**Activity**
What is needed is an exact copy of the lines in the listing below, from the one with "Whpl712 15.6 X" up to and including the one with "Bmw 7 Series Security Edition", with no other lines.

**Recorded information**
----------

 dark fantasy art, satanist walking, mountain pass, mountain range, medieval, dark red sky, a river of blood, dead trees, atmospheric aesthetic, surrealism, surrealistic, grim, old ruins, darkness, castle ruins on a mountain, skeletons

----------

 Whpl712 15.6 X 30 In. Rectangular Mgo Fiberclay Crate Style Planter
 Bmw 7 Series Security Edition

----------

**Solution**
 Whpl712 15.6 X 30 In. Rectangular Mgo Fiberclay Crate Style Planter
 Bmw 7 Series Security Edition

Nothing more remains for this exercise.